Ferdinand and Bowells grinned at him like lunatics. Burgess said nothing, gave nothing away. Ainsworth said, ‘Aye, lad, sir’, and shook his hand. Purefoy felt it quite absurd.

That night, hunched over Locke’s small desk, he wrote a letter:

My dear Nadine,

I am sorry that I had leave just now and I could not visit you. I am sorry that I joined up and left without speaking to you and left only that silly letter telling you I was going. I am sorry I sent you that stupid Christmas card. I am sorry I have not been able to write to you, about my life here, so that you could see how I am, and how I do. There’s no excuses, but there’s reasons, and I will try this once to explain it, because very soon I will be back in the thick of it, and unable again to communicate. This is why: out here, I do not exist. That is my protection against all this. The gigantic upheaval, the all-encompassing immensity of what goes on out here, dwarfs the individual to nothingness. There is no room for private welfare, because the common welfare overtakes all. And the horrors? Nat, we have horrors, and the worst horror is that before I came away on leave I no longer saw them. I stopped looking, because seeing doesn’t help, and I didn’t like what I was seeing. Instead, I concentrate, an almost hypnotic state of concentration. It’s as if I am running past everything at a jog, thinking only of where I am going. My self retreats, my focus is narrow. My body does what has to be done.

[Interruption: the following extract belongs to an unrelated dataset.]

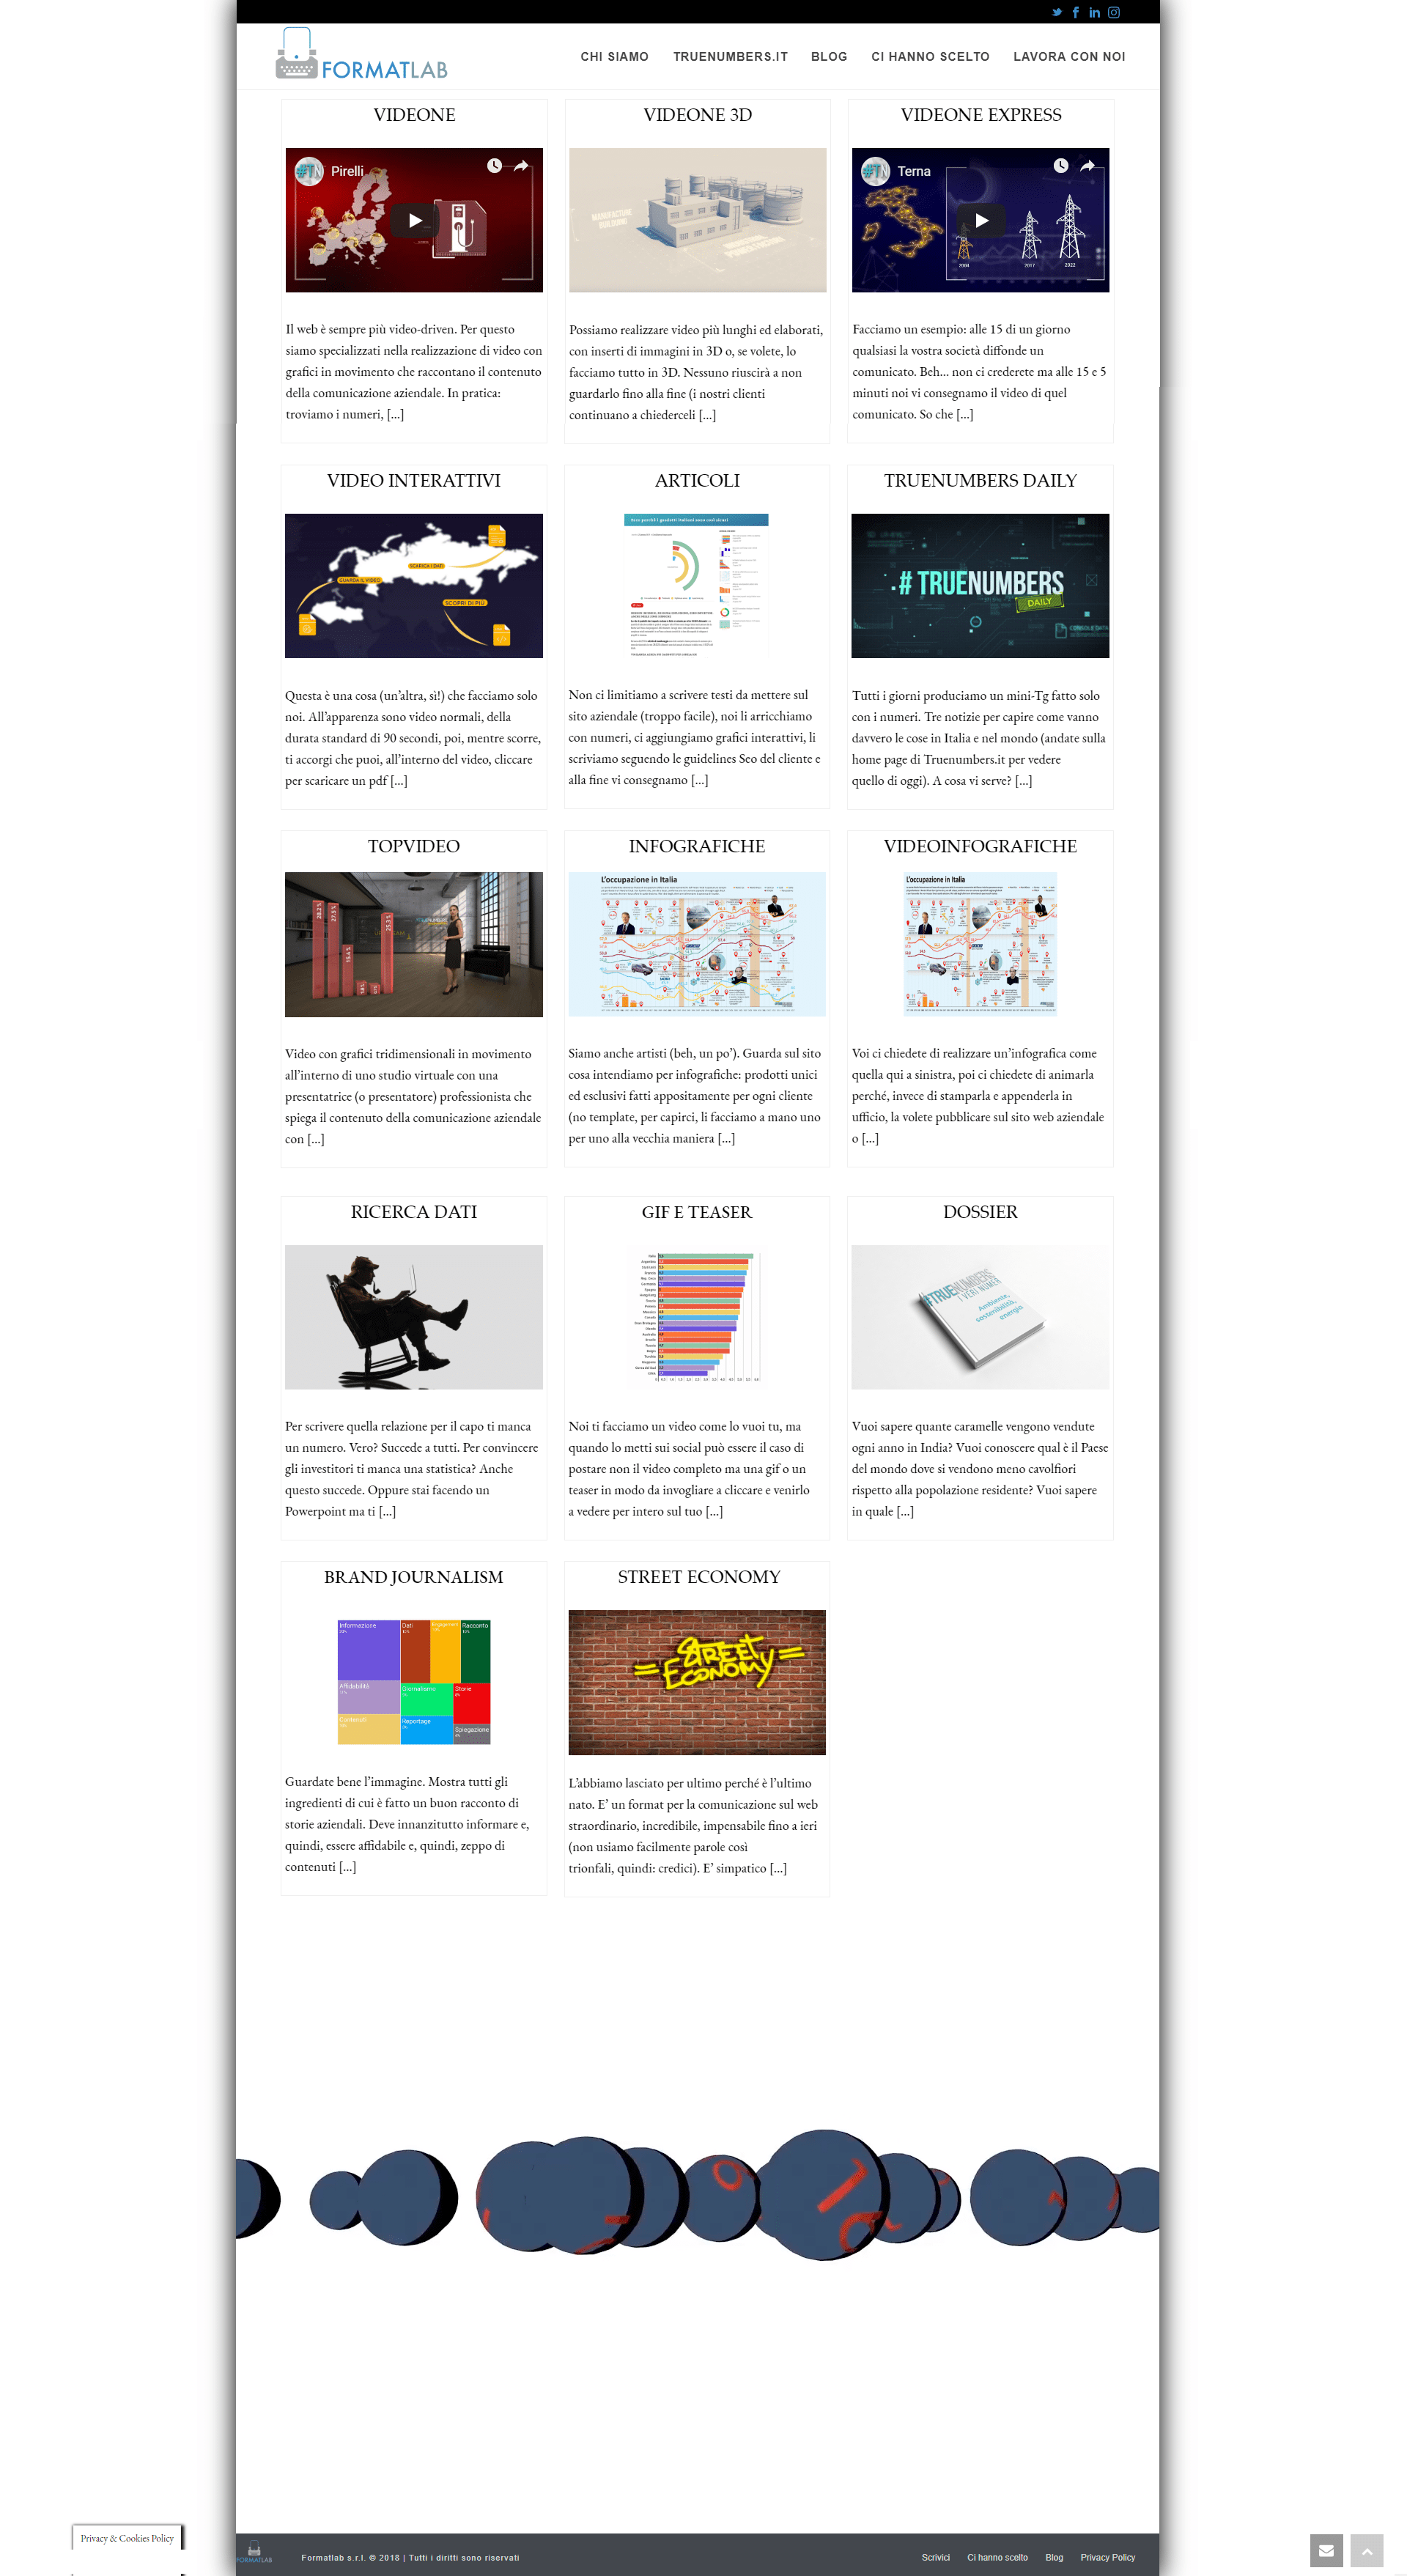 formatlab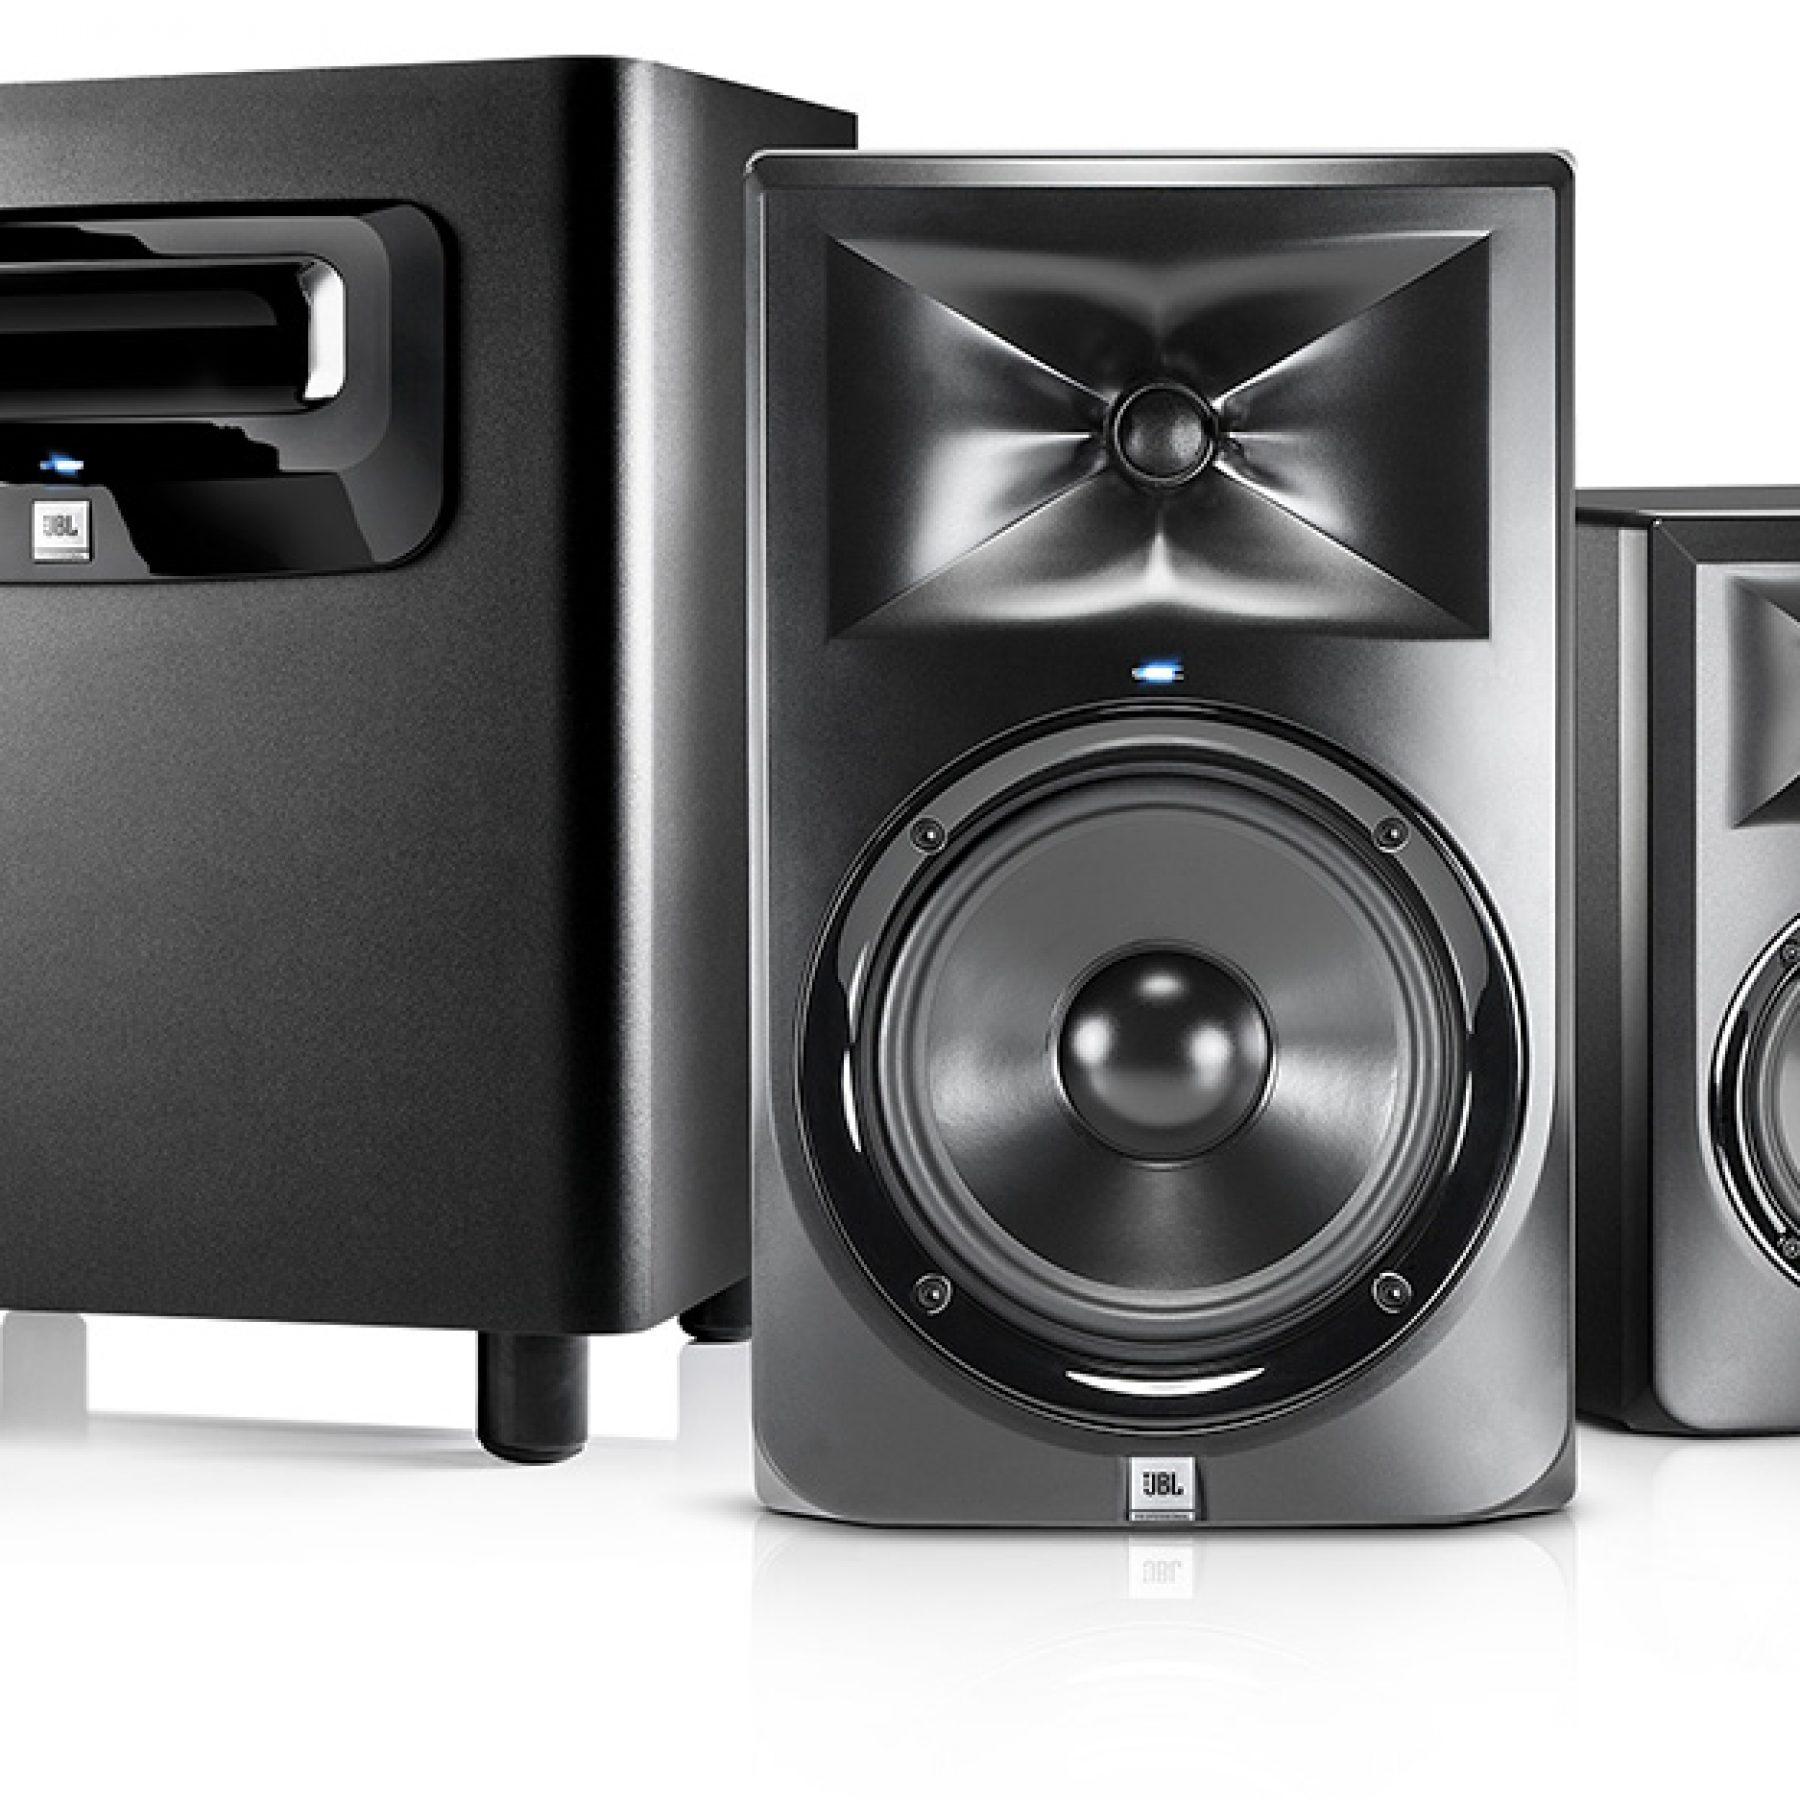 jbl 3 series monitors sub audiotechnology. Black Bedroom Furniture Sets. Home Design Ideas

While I was at Dover last week that condition of mind receded a little, and I thought clearly, as a human being. But such luxuries are not for the Front. This is the last evening when my mind and heart are engaged. I have kept them open in order to be able to say this to you. To tell the truth, I don’t want you to know about this kind of thing. But not telling you seems like a form of death, a death of the heart, or the mind, or the spirit. There are more ways than the physical to die, which I never knew before. I have learnt it this year. I do not care to think what else I shall learn as the war continues. As clearly it must.

We return to the Front Line tomorrow. I am going back under and I will not write again. Pray that I come up again, and my darling be there to help haul me out at the end, if I make it –

Oh, dear I shouldn’t have written that.

Well, fuck it. Fuck it. That’s how I feel.